European Cobalt has entered exclusive option agreements with Maroon Gold to acquire 100 per cent of its issued capital.

Maroon Gold is a private equity-backed gold developer focused on the Charter Towers Goldfield region in northern Queensland.

Company managing director Elect Glenn Baldwin is pleased with the acquisition deal.

“Maroon Gold has established a high-quality portfolio of near-term development assets combined with the requisite processing infrastructure to capitalise on the strong gold price environment,” Glenn said.

Maroon recently completed tribute mining and processed material from Laneway Resource’s Agate Creek Gold Mine.

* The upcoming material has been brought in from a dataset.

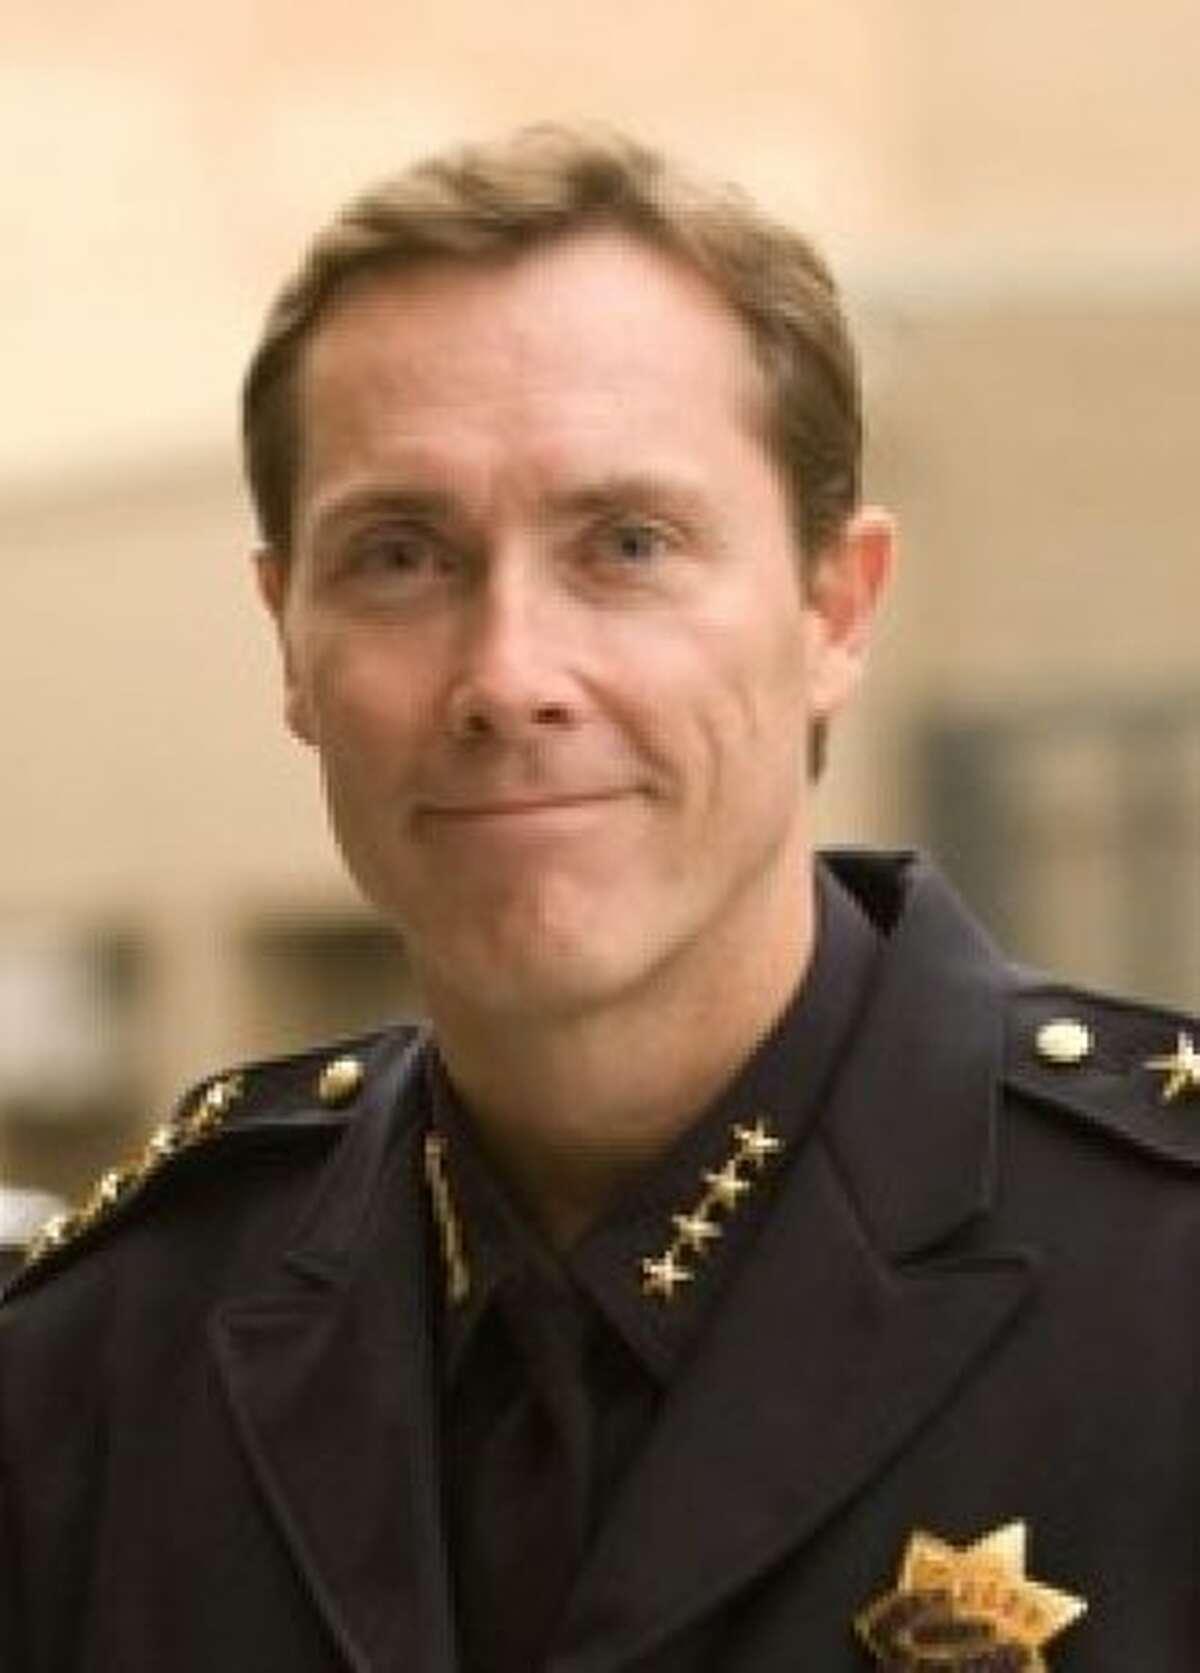 Berkeley Police Chief Michael Meehan
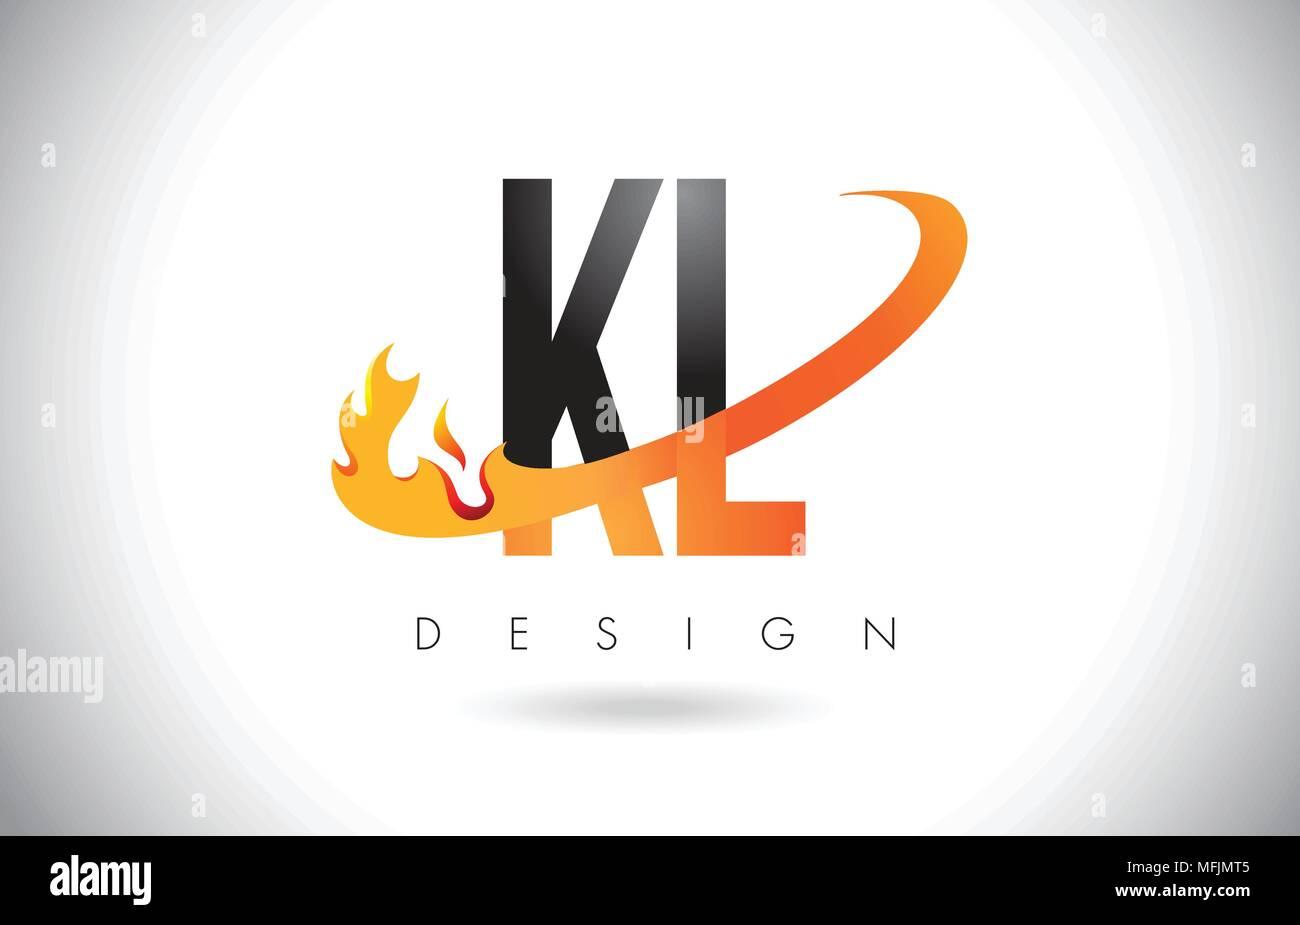 KL K L Letter Logo Design with Fire Flames and Orange Swoosh Vector Illustration. - Stock Vector

It also has the Blackjack Processing Plant under its belt.

Maroon has a total resource base of 250,000 ounces of gold across three resources.

Additionally, the developer has a landholding of 245 square kilometres with multiple drill-ready targets defined.

“Through leveraging Maroon’s strategic ground position in the Charters Towers region and the skillset of Maroon’s team, the mineral resources can be rapidly evaluated to determine the feasibility of development,” Glenn added.

The agreement to acquire Maroon Gold is conditional and subject to shareholder approval.

The proposed acquisition is through the issue of 900,279,150 shares, payment of A$100,000 cash, repayment of a $2 million convertible note and assuming a working capital liability of approximately $2 million.

Additionally, European Cobalt will repay A$26.8 million (US$18.3 million) of Maroon’s outstanding debt for its acquisition of the Blackjack Plant, refurbishment and the acquisition of mining assets.

Unless deferred, the company has until March 27, 2021 to pay the debt in five interest repayments.

Once the acquisition is complete, the cobalt company’s short term strategy involves determining the feasibility of resource economic development, resource definition drilling, identifying mining and processing opportunities within the region and a processing expansion study to define the scalability of the plant and infrastructure.

Following the acquisition, European Cobalt will be rebranded as Mojo Minerals.

After today’s announcement, European Cobalt’s shares have plummeted 30.3 per cent and are trading for 2.3 cents each at roughly midday trade AEDT.